## DIRECTIONS
Give the data below again exactly as written, but without the pictures.

---------- PROVIDED MATERIAL

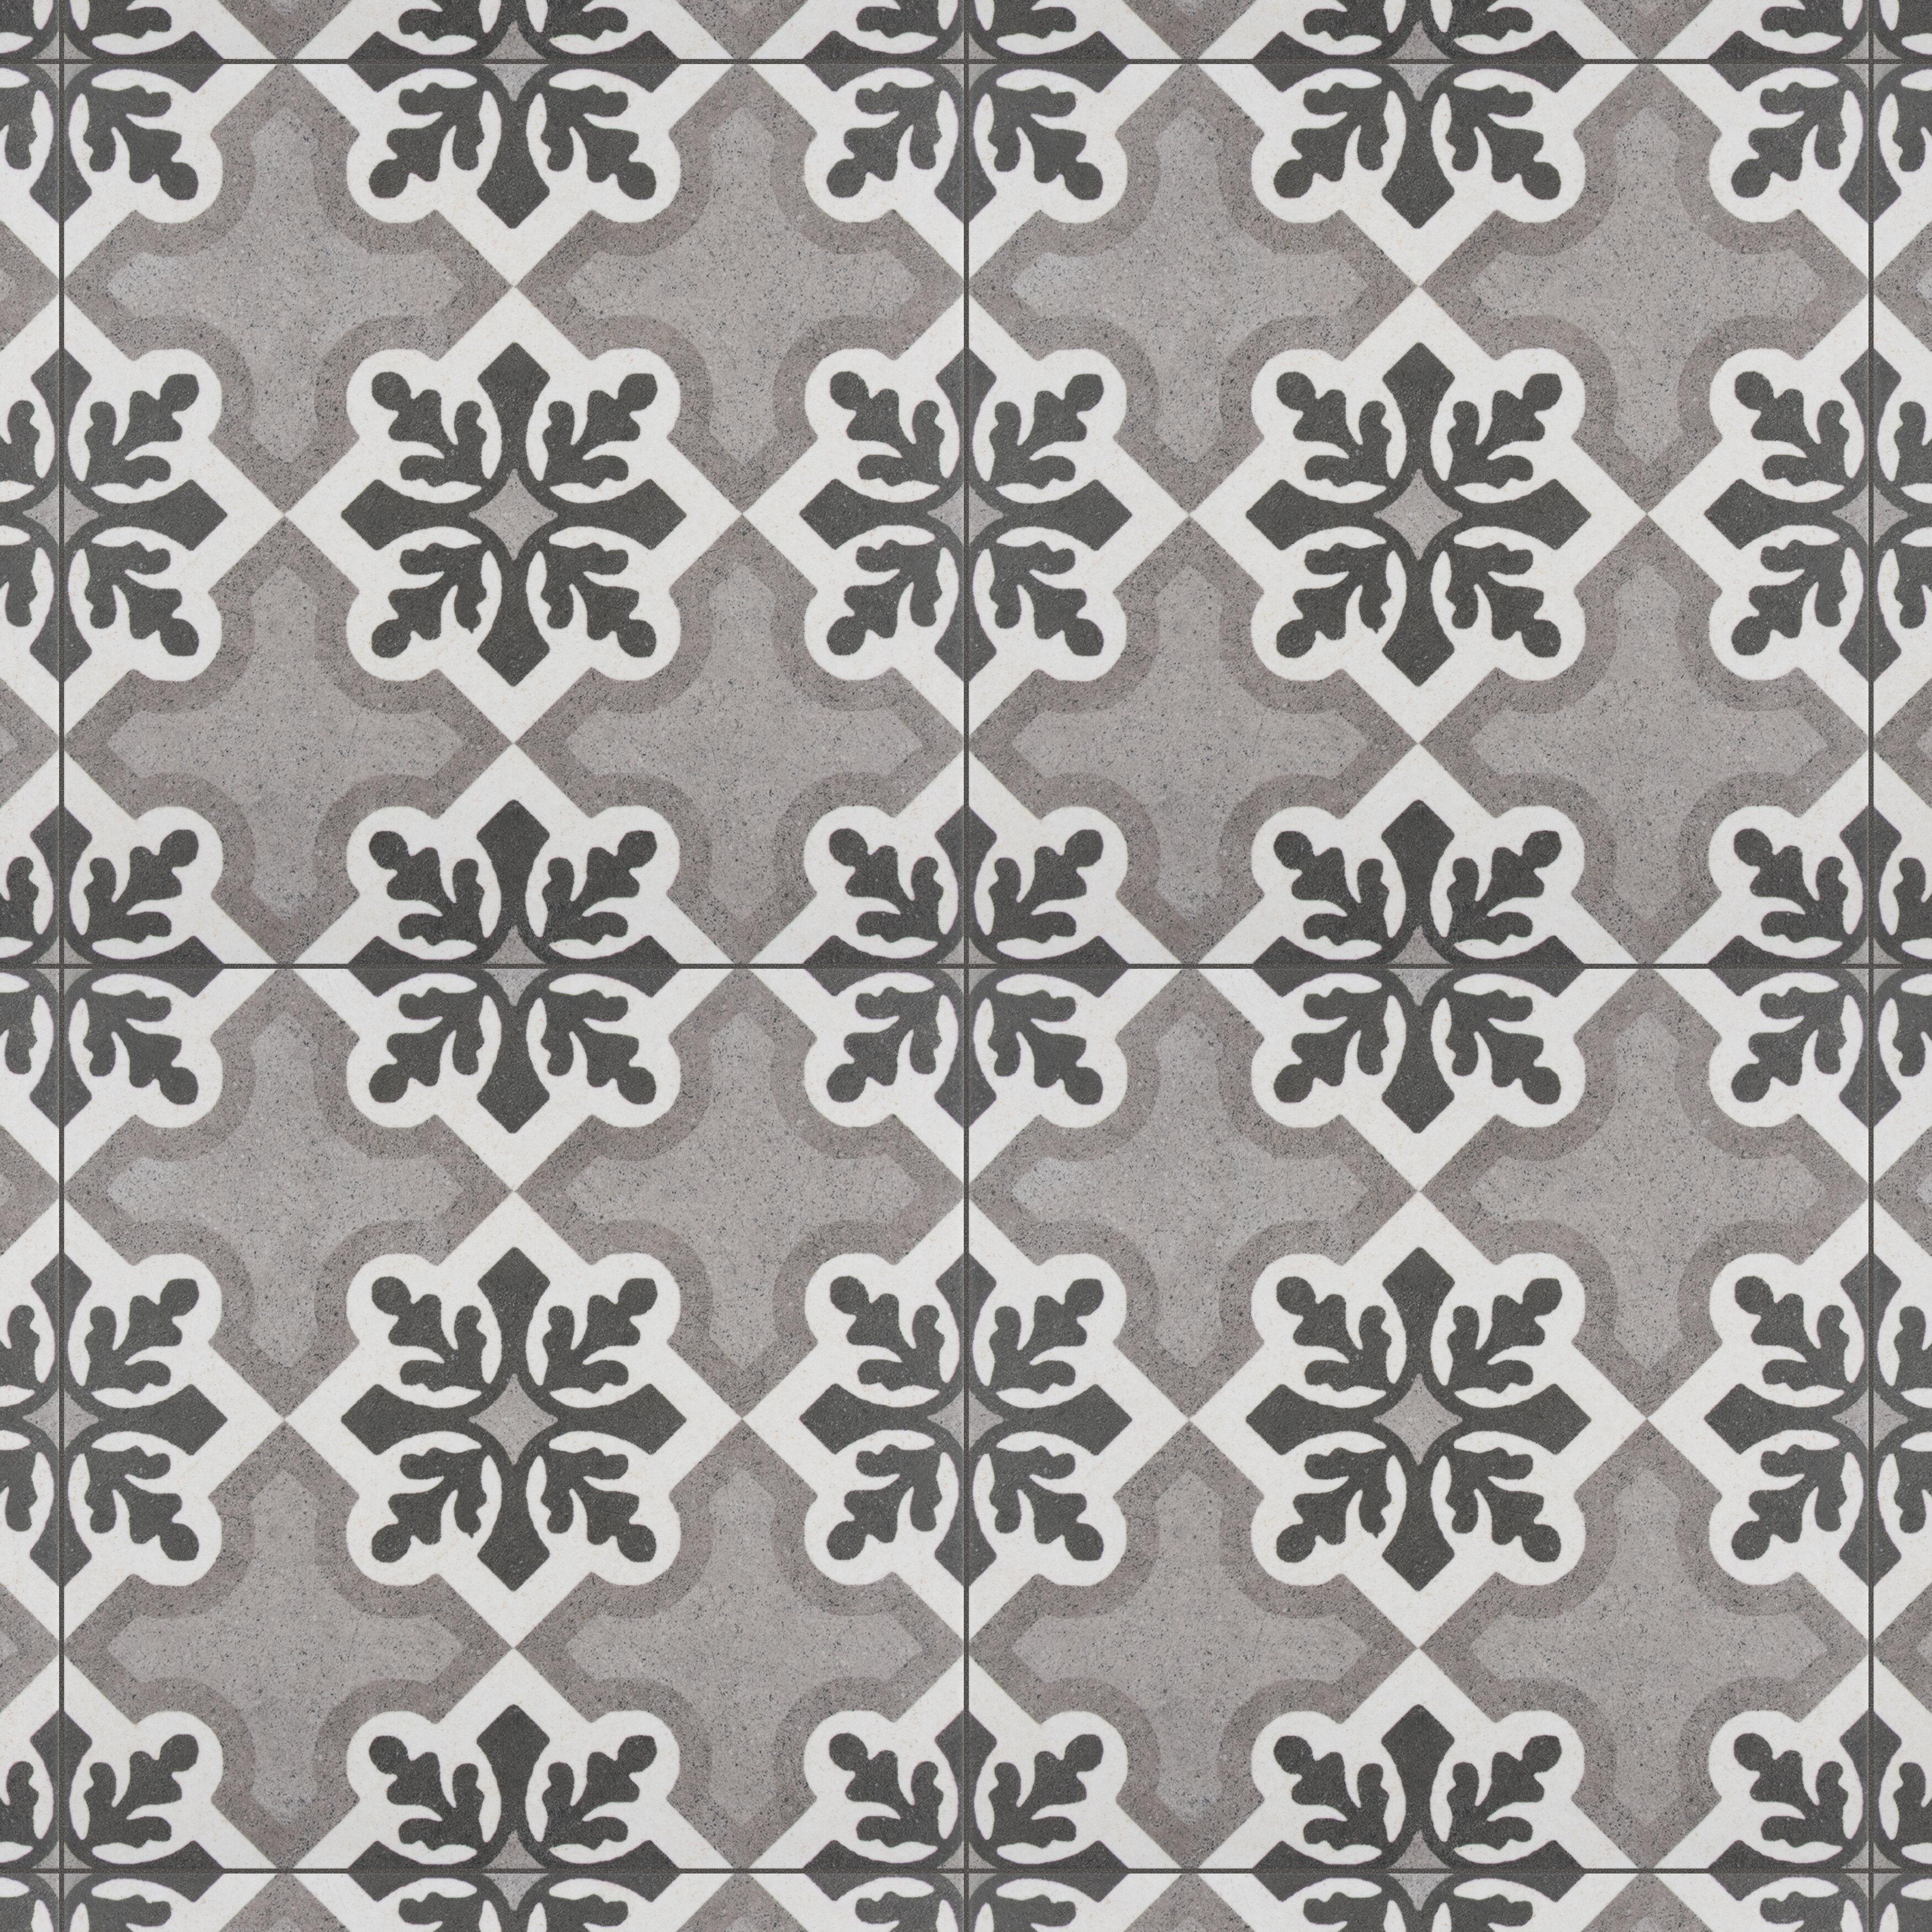 Elitetile Annata 10 X 10 Porcelain Field Tile Reviews Wayfair
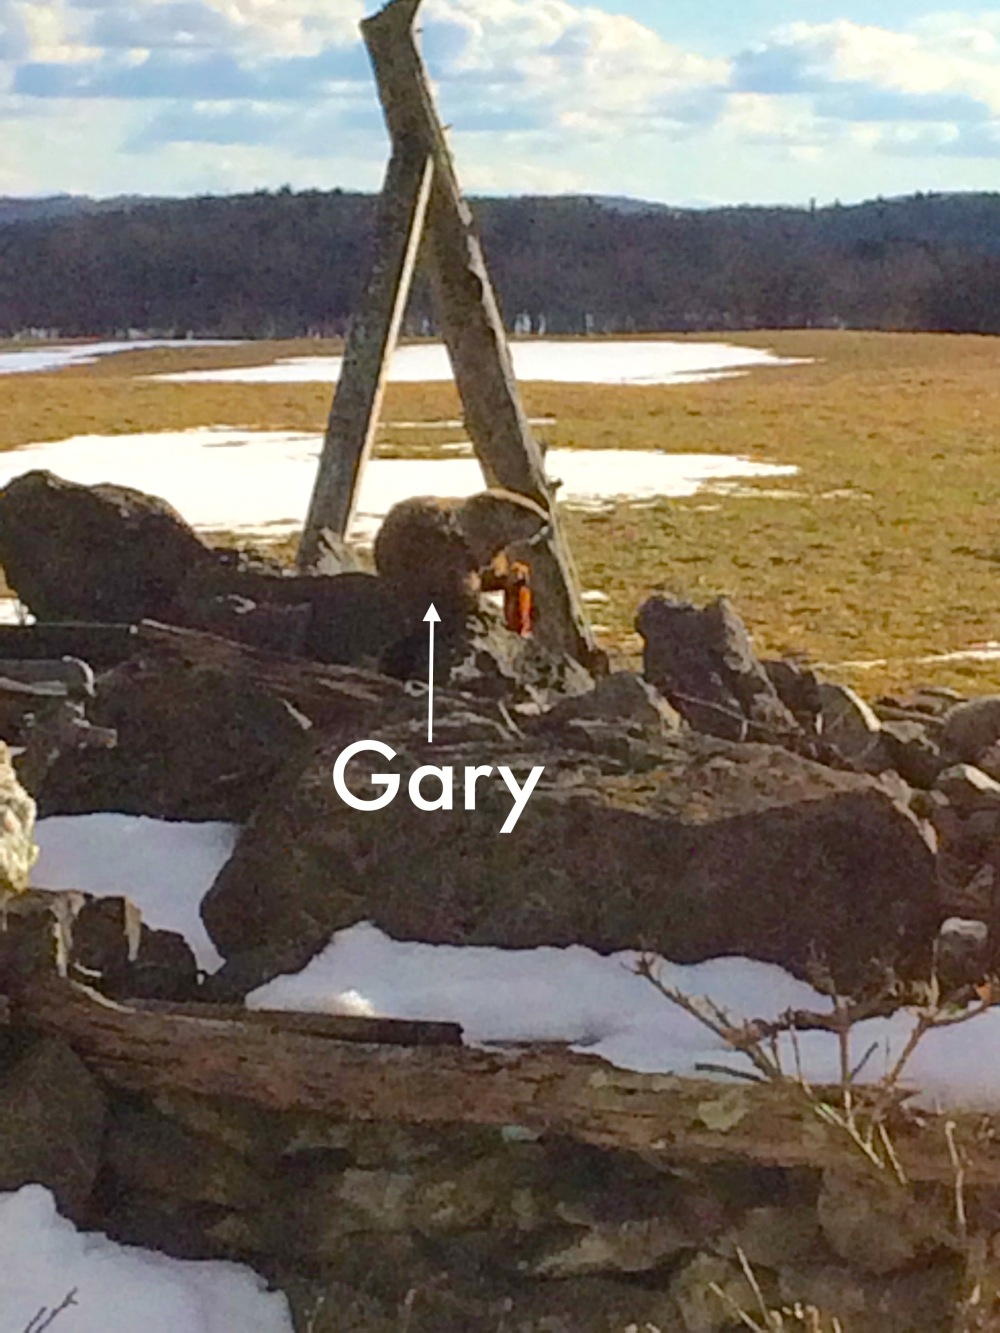 Gary the beaver.jpg
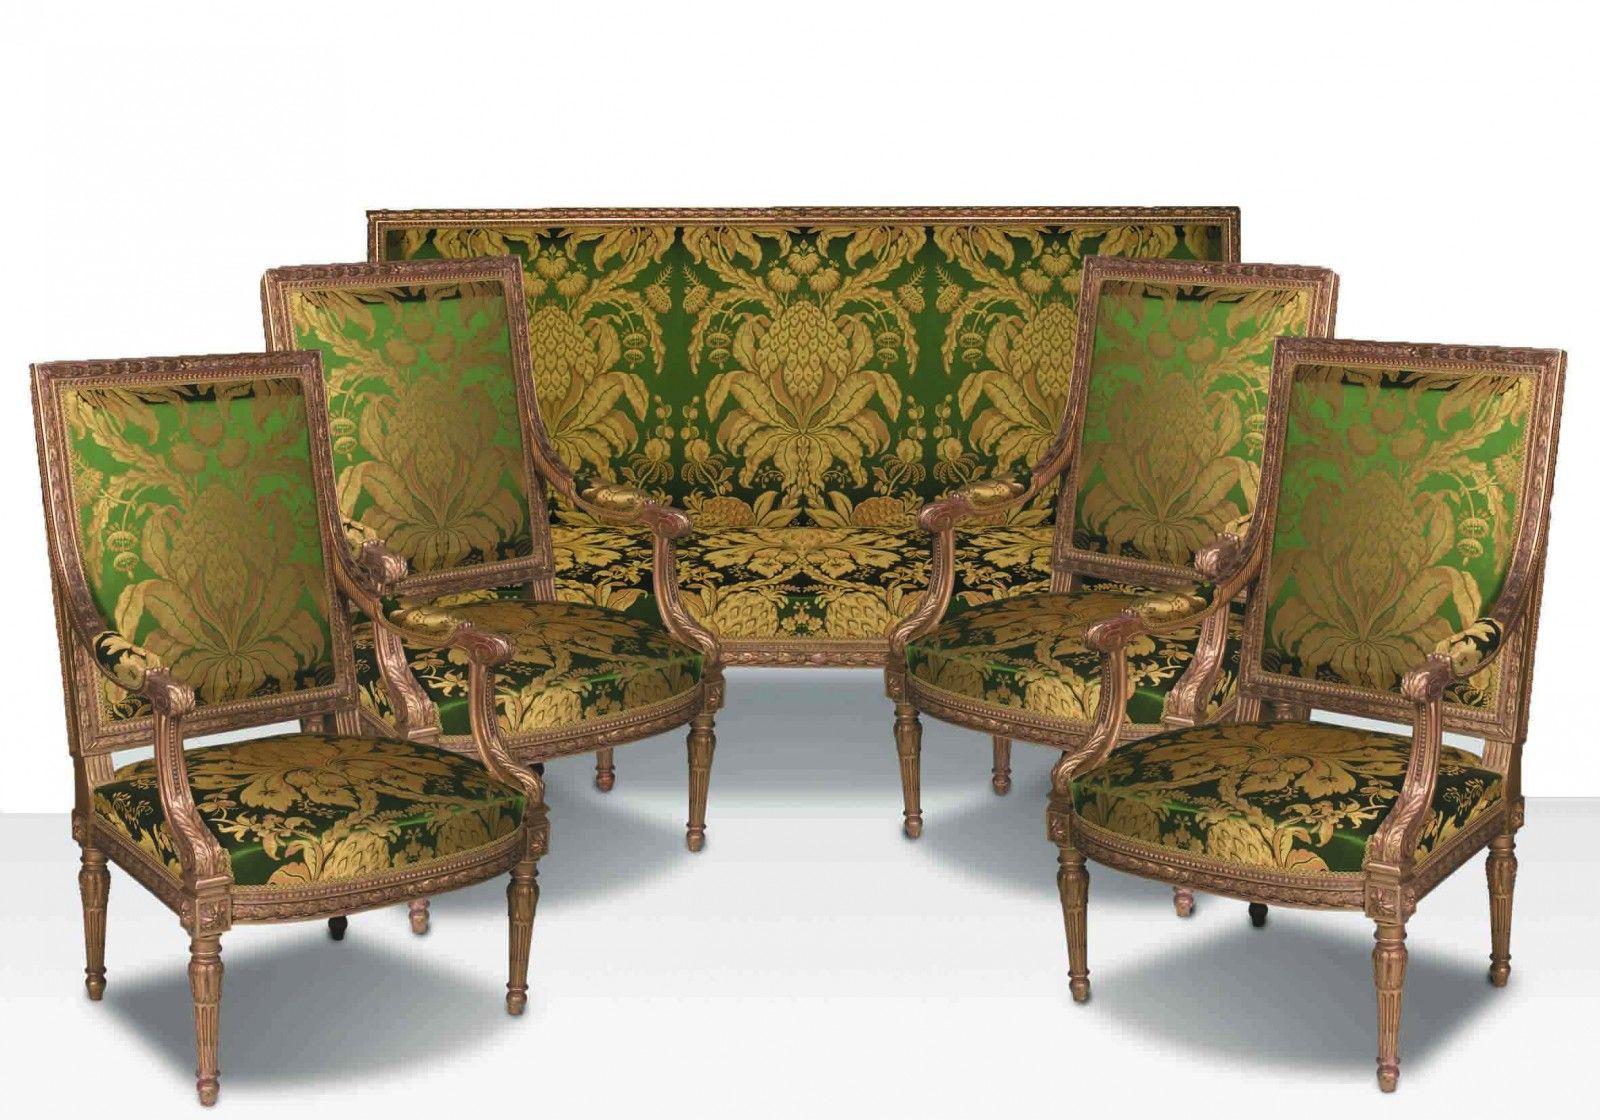 Mobilier de salon de style louis xvi par maison jansen compos de quatre fauteuils la reine et - Salon louis xvi ...

--------------------

## OUTPUT FOR THIS TASK
 Elitetile Annata 10 X 10 Porcelain Field Tile Reviews Wayfair
 Gary the beaver.jpg
 Mobilier de salon de style louis xvi par maison jansen compos de quatre fauteuils la reine et - Salon louis xvi ...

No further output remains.